Carrie was hit first once, then twice, by The Scribbler’s shots and fell to the ground.

And then the police returned fire. Five, six times. And shot The Scribbler dead.

EPILOGUE

MONDAY 10 DECEMBER, 11.25AM

Sharon Carrie stood in the garden of the crematorium at Nacton, a mile or two outside of Ipswich. She held the hand of her restless grandson, Noah, jigging from foot to foot, as they looked across the garden to the huge, swaying trees that surrounded the site.

She could still hear the roaring traffic from the road, the A14, and its endless procession of lorries to and from the docks in Felixstowe.

She turned back to look at the crematorium.
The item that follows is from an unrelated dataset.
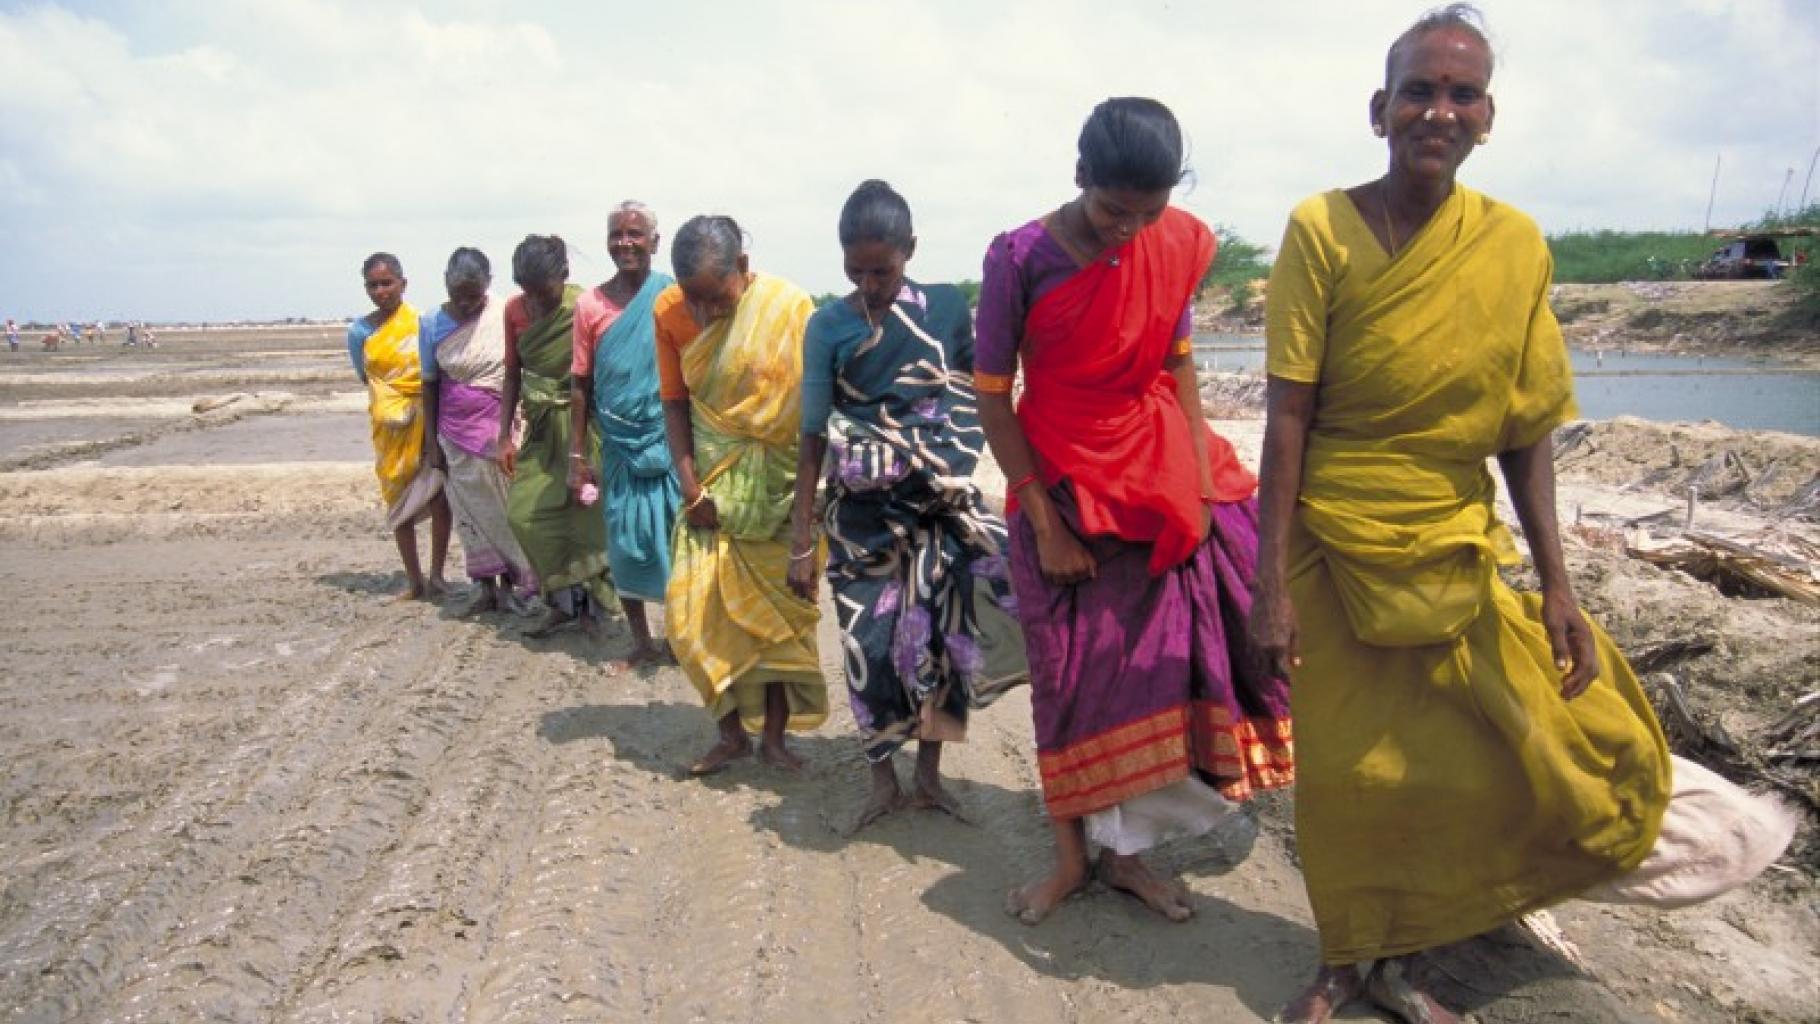 Foto: Arbeitende Frauen auf einer Salzplantage in Indien

An odd, wooden building behind a nondescript car park. This could be anything, she thought, a supermarket, a truck stop, some sort of country warehouse that sold remaindered books, outsized clothes and cheap garden furniture.

What a place to say goodbye to a loved one.

Miserable and soul-destroying.

Like being cremated in the shower and toilet block of a campsite.

She put her arm around her grandson’s shoulders and looked down at him. He stopped moving about and smiled up at her. She smiled back, pleased that he was settling.

They then both turned towards the crematorium as they heard organ music playing to mark the end of the funeral service and, within a minute, the doors had been opened.

They put on a good do, she thought, when one of their own dies. Is killed. Murdered. Police officers lining either side of the road up to the crematorium. A guard of honour. The Constabulary drape over the coffin. Bearers. The attendance of the good and the great, including the Chief Constable herself.

The full works. For all the world to see.

More for themselves, she thought, than for Roger Gayther or his loved ones.

To show how kind and caring they all were.

She watched as the mourners came out of the crematorium. The family and personal friends first, no more than half a dozen by the look of things. The police officers inside, who would have filled most of the building, holding back.

A vicar to one side of the doors, commiserating, shaking hands, saying a few words. Opposite him, a tall, fair-haired man in a charcoal grey suit echoing the vicar’s words and actions. He looked familiar.

She suddenly saw Georgia pushing herself out in a wheelchair – her β€œrocket chair”, as she called it. The latest model, for sure.

The vicar bending, saying a few words, shaking Georgia’s outstretched hand.

Then an unexpected embrace from the sandy-haired man, a long conversation, so it seemed, as the police officers inside the crematorium lined up waiting to file out. And then Georgia was through and away.